It seems to me from some of your other posts that the reason you are trying to avoid adding a primary key to your table is to save space.
Stop thinking like that.
It's a bad idea to make non-standard optimizations like this without having tested them first to see if they actually work. Have you run some tests that shows that you save a significant amount of space in your database by omitting the primary key on this table? Or are you just guessing?
Using a primary key doesn't necessarily mean that you will use more space. Depending on the database, if you omit the primary key it might add a hidden field for you anyway (for example if you don't have a PK in MySQL/InnoDB it adds a hidden clustered index on a synthetic column containing 6 byte row ID values (source)). If you do use a primary key, rather than adding a new column you can just choose some existing columns that you know should be unique anyway. It won't take up any more space, it will just mean that the data will be stored in a different order to make it easier to search.
When you add an index, that index is going to take up extra space, as an index is basically just a copy of a few columns of the table, plus a link back to the row in the original table. Remember that hidden column the database uses when you don't have a PK? Well now it has to use that to find your rows, so you'll get a copy of it in your index too. If you use a primary key then you probably don't need one of your indexes that you would have added, so you're actually saving space here.
Besides all this, some useful database tools just won't work well if you don't have a primary key on your table. You will annoy everyone that has to maintain your database after you are gone.
So tell me, why do you think it's a good idea to NOT have one?
A primary key has nothing to do with whether data can be changed - it's a single point of reference for an entire row, which can make looking up and/or changing data faster.
All my selects would be on the post_id and with a where clause to see if the user already flagged it.
You need to provide more information about business rules.
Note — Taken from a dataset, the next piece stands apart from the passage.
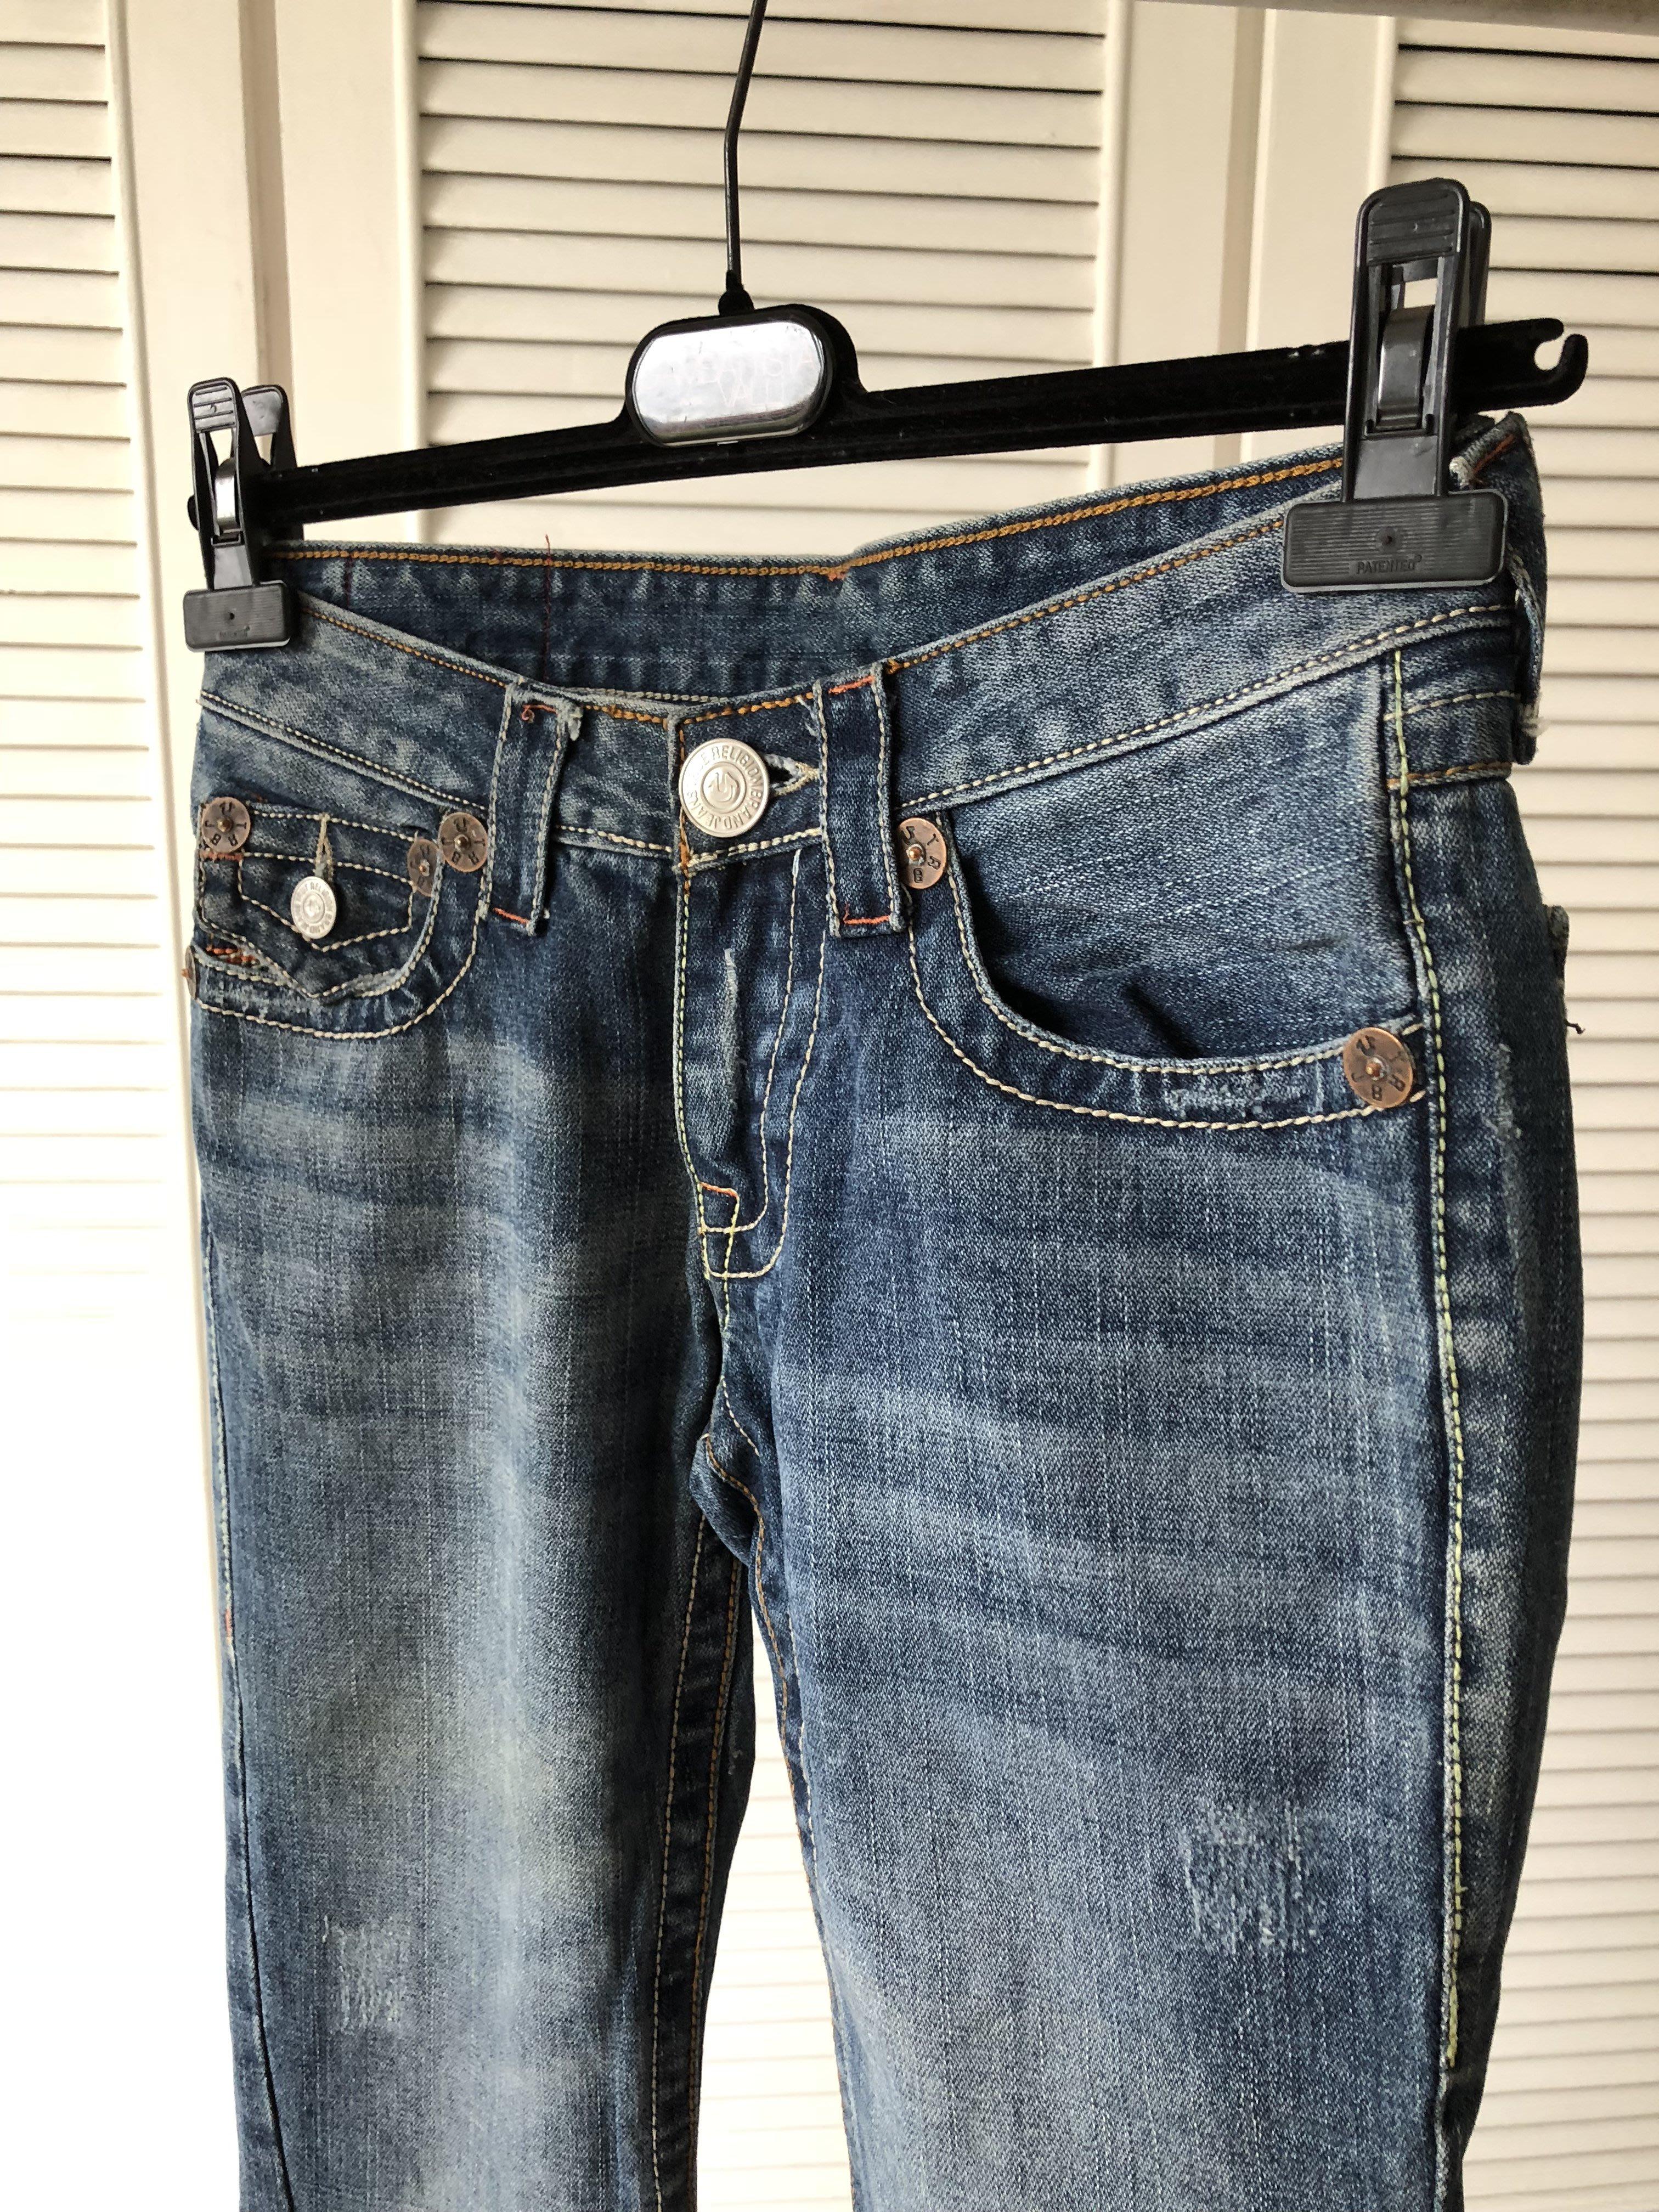 【TRUE RELIGION 】超美超正點立體刷色翹臀七彩縫線直筒牛仔褲JOEY 26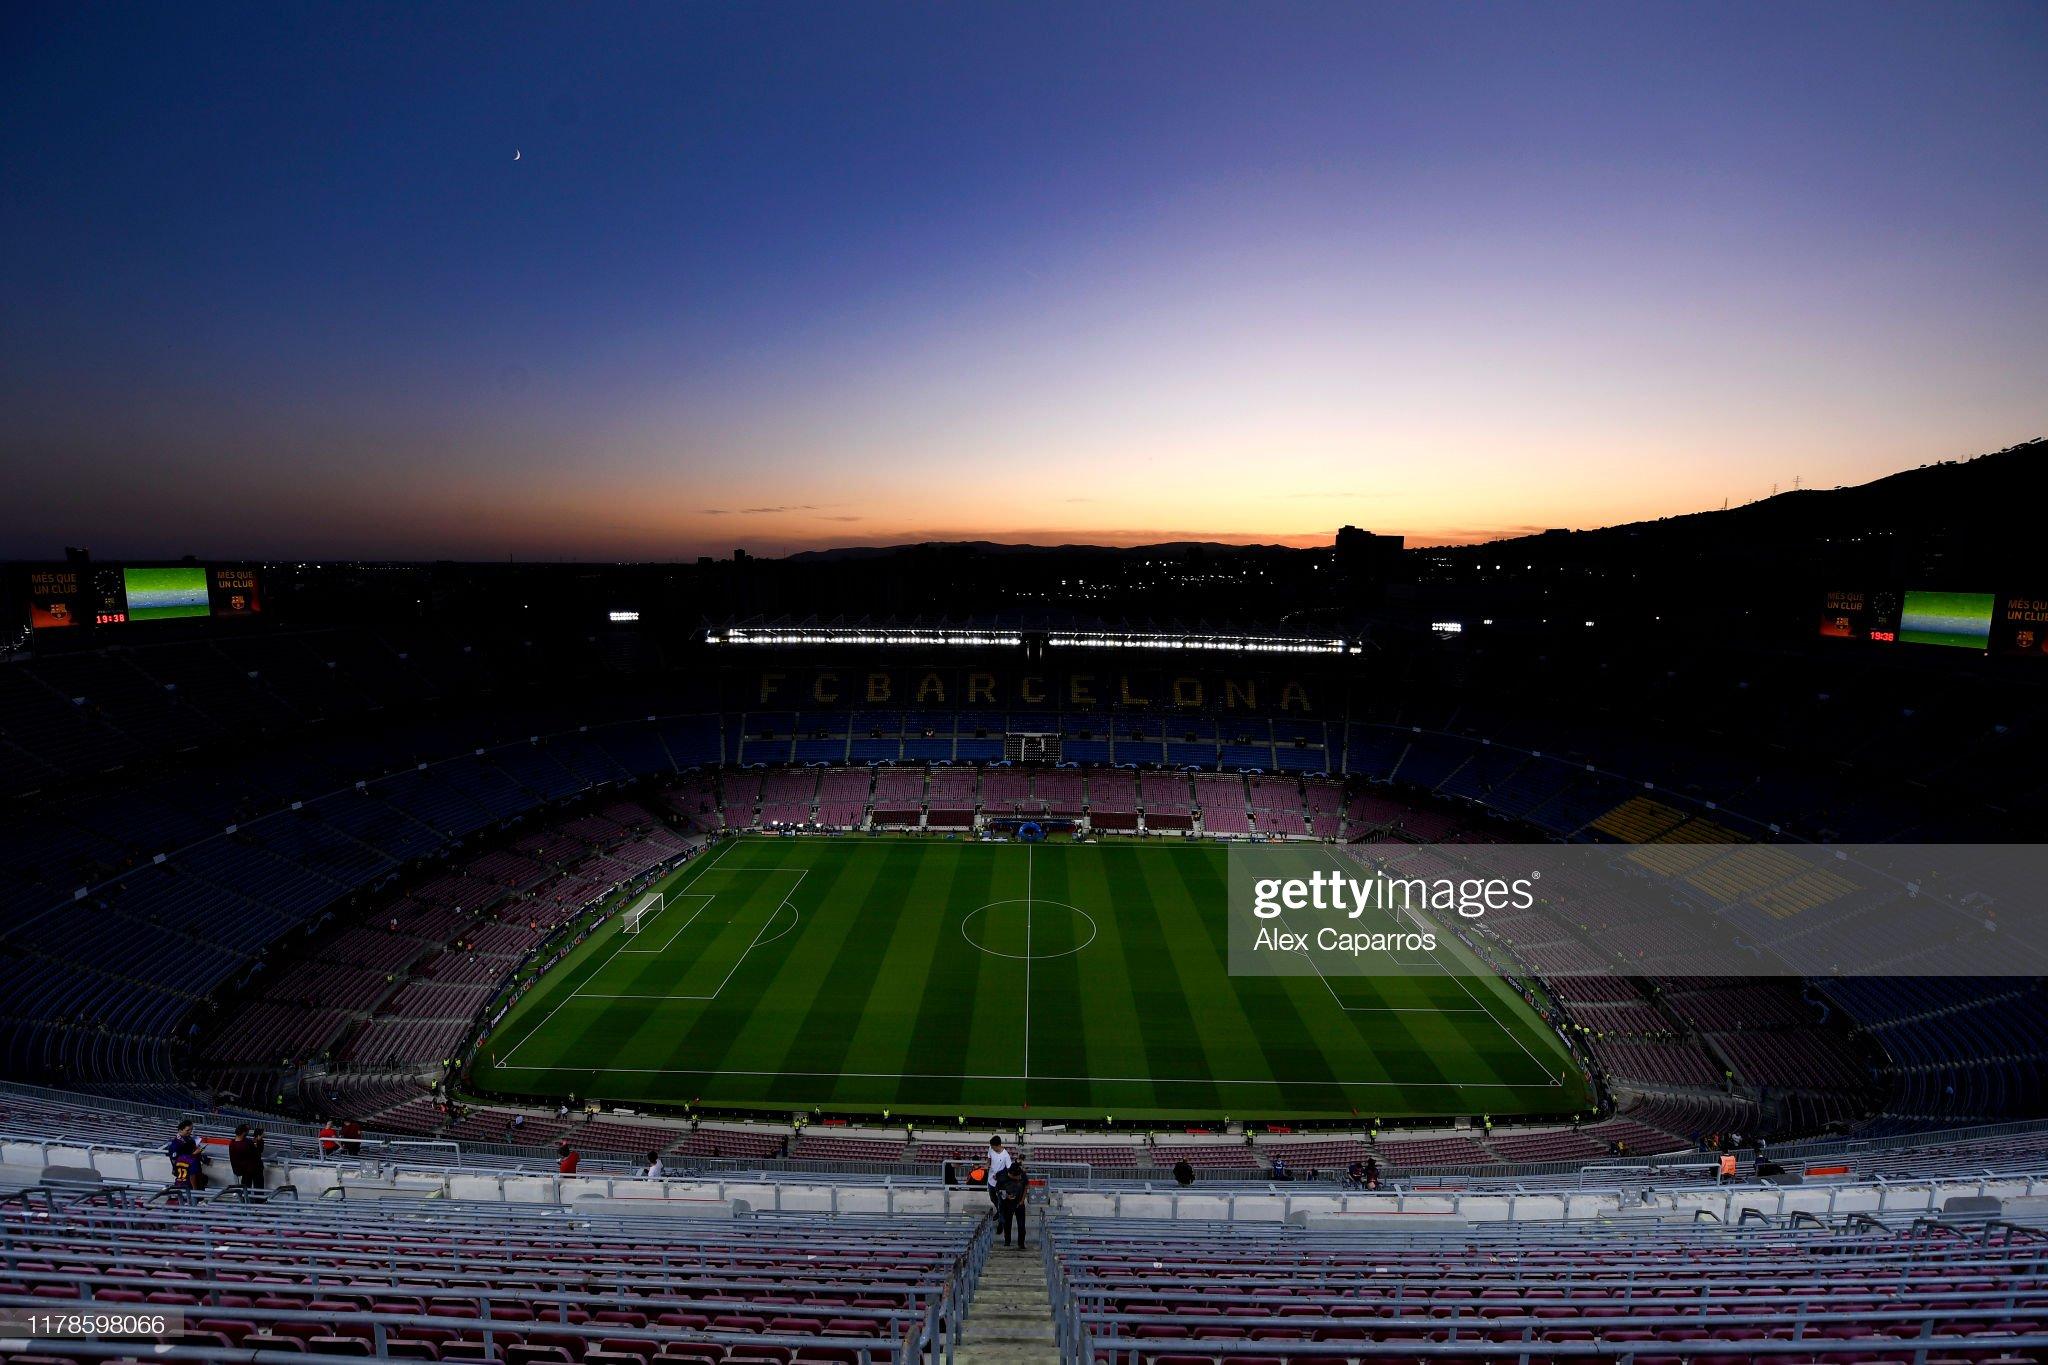 صور مباراة : برشلونة - إنتر 2-1 ( 02-10-2019 )  General-view-inside-the-stadium-prior-to-the-uefa-champions-league-f-picture-id1178598066?s=2048x2048

For example, should the system support more than one user flagging the same post?
If the answer is "no", then I would model a POST_STATUS_CODE table and have a foreign key to the table in your POSTS table.
If the answer is "yes", then I would still have a POST_STATUS_CODE table but also a table linking the POSTS and POST_STATUS_CODE tables - say POSTS_STATUS_XREF.
I have a post_flag table with post_id, user_id (who flagged it) and flag_type (ATM as a byte). I don't see how PK will make it faster in this case but I imagine it will take up 4 or 8 bytes per row. I was thinking about indexing post_id. If I do should I still create a PK?
At a minimum, I would make the primary key to be a combination of:
post_id
user_id
The reason being that a primary key ensures that there can't be duplicates.
A primary key can be made up of more than one column - this is called a compound key. It means that the pair of values is unique. IE: You can't have more than one combination of 1, 1 values, but you could have 1,2, 1,3, etc (and vice versa). Attempts to add duplicates will result in duplicate primary key errors.
Primary keys help speed up lookups and joins, so it's always nice to have if you can.
You don't need a primary key, not even if users are going to modify rows. A primary key optimizes the performance every time you query that table though. If you think your table will grow larger than about a thousand rows or so, then setting a primary key will give a noticeable performance boost.
The only advantage in not creating a primary key really is that it means you don't have to create one, which is fair enough I suppose :-P
You could just not bother creating one for now. You can always add one later. Not a big deal. Don't let anyone bully you into thinking you absolutely must create a primary key right now! You'll see it being horribly slow soon enough :-P and then you can just add the primary key at that point. If you don't have too many duplicates by then :-P
Best have one, if just because you may have to delete the occasional record manually (e.g. duplicates) and one should have a unique identifier for that.
The simple answer is yes. every table should have a primary key (made of at least one column). what benefit do you get for not having one?
In such a situation, you might be able to get away without one, but I'd be inclined to throw a primary key on there anyway, simply because it's relatively simple to do and will save rework if the requirements change.
The software requirements may change rapidly. The customer may introduce new requirements. So having a primary key may be useful because you can eliminate totally unnecessary data migrations in such a situations.
Read this: "Is it OK not to use a Primary Key When I don’t Need one?"
Yes, you do need a primary key.
You may as well use text files for storage if you don't think you do because it means you don't understand them...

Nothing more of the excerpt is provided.